Depletion of CEACAM19 expression inhibits cell migration and invasion in Penl1 cells. Notes: (A) Wound healing assay. The migration of the cells to the wound was measured at 0 and 24 hours after scratch. The representative fields were photographed; the relative healing rates were quantified with measurements of the gap sizes after the culture. Three different areas in each assay were chosen to measure the distances of migrating cells to the origin of the wound. Bars: 100 µm. *P<0.05, Scr vs shCEACAM19. (B) Transwell invasion assays with Penl1 cells were performed in Scr control and shCEACAM19 group. Crystal violet assay (OD₅₇₀) was conducted to evaluate cell migration and invasion capability. Bars: 100 µm. All experiments were performed three times, and data are presented as mean ± SD. values. *P<0.05, Scr vs shCEACAM19. Abbreviations: Scr, scramble; shCEACAM19, shRNA targeting CEACAM19.

Figure 4

Notes: (A) Multiple pathway reporter analysis identified potential cancer-related pathways regulated by CEACAM19 in Penl1 cells. (B) Knockdown of CEACAM19 expression attenuated p-Smad2/3 expression in Penl1 cells. β-Actin served as a loading control. (C) Knockdown of CEACAM19 expression reduced MMP2/9 secretion in Penl1 cells.
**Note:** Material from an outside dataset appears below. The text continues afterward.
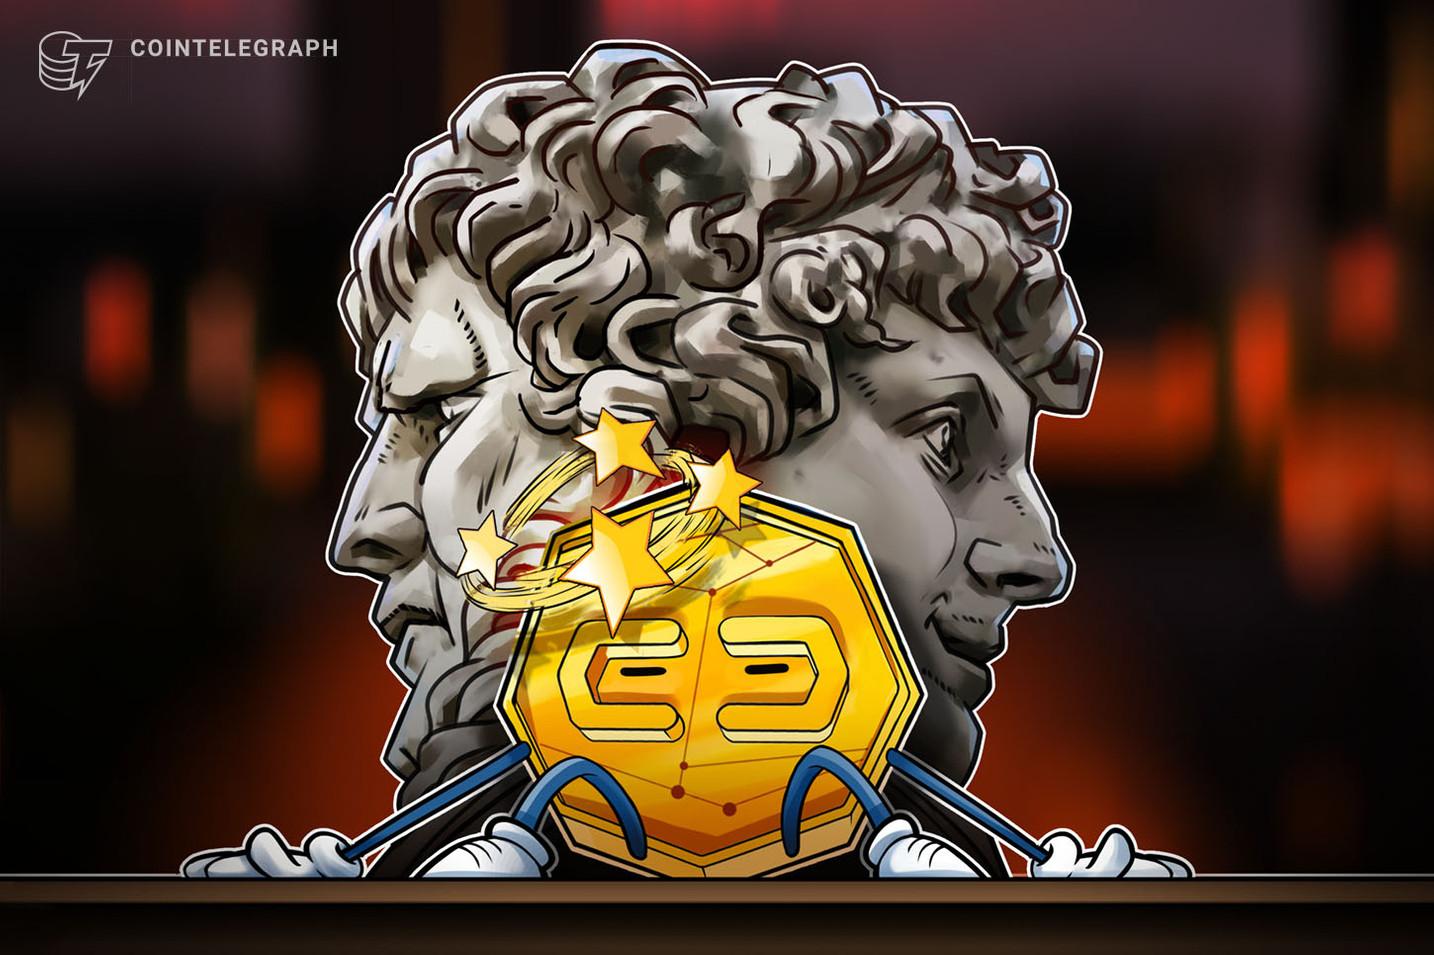 Correlação do Bitcoin com celebridades precisa terminar, adverte provedor de pagamento de criptomoedas

All experiments were performed three times, and data are presented as mean ± SD values. *P<0.05, Scr vs sh CEACAM19.

Figure 5

Notes: (A) The effect of SB431542 (SB) on p-Smad2/3 levels in Penl1 cells. Penl1 cells were treated with 10 µM SB for 24 hours. β-Actin served as a loading control. (B) The effect of SB431542 on wound healing of Penl1 cells. Three different areas in each assay were chosen to measure the distances of migrating cells to the origin of the wound. *P<0.05, Control vs SB. (C) The effect of SB431542 on cell invasion of Penl1 cells. Transwell invasion assay was conducted to evaluate cell migration and invasion capability. *P<0.05, Control vs SB. (D) Inhibition on TGF-β/Smad2/3 activity by SB431542 reduced MMP2/9 secretion in Penl1 cells. All experiments were performed three times, and data are presented as mean ± SD. values. *P<0.05, Control vs SB.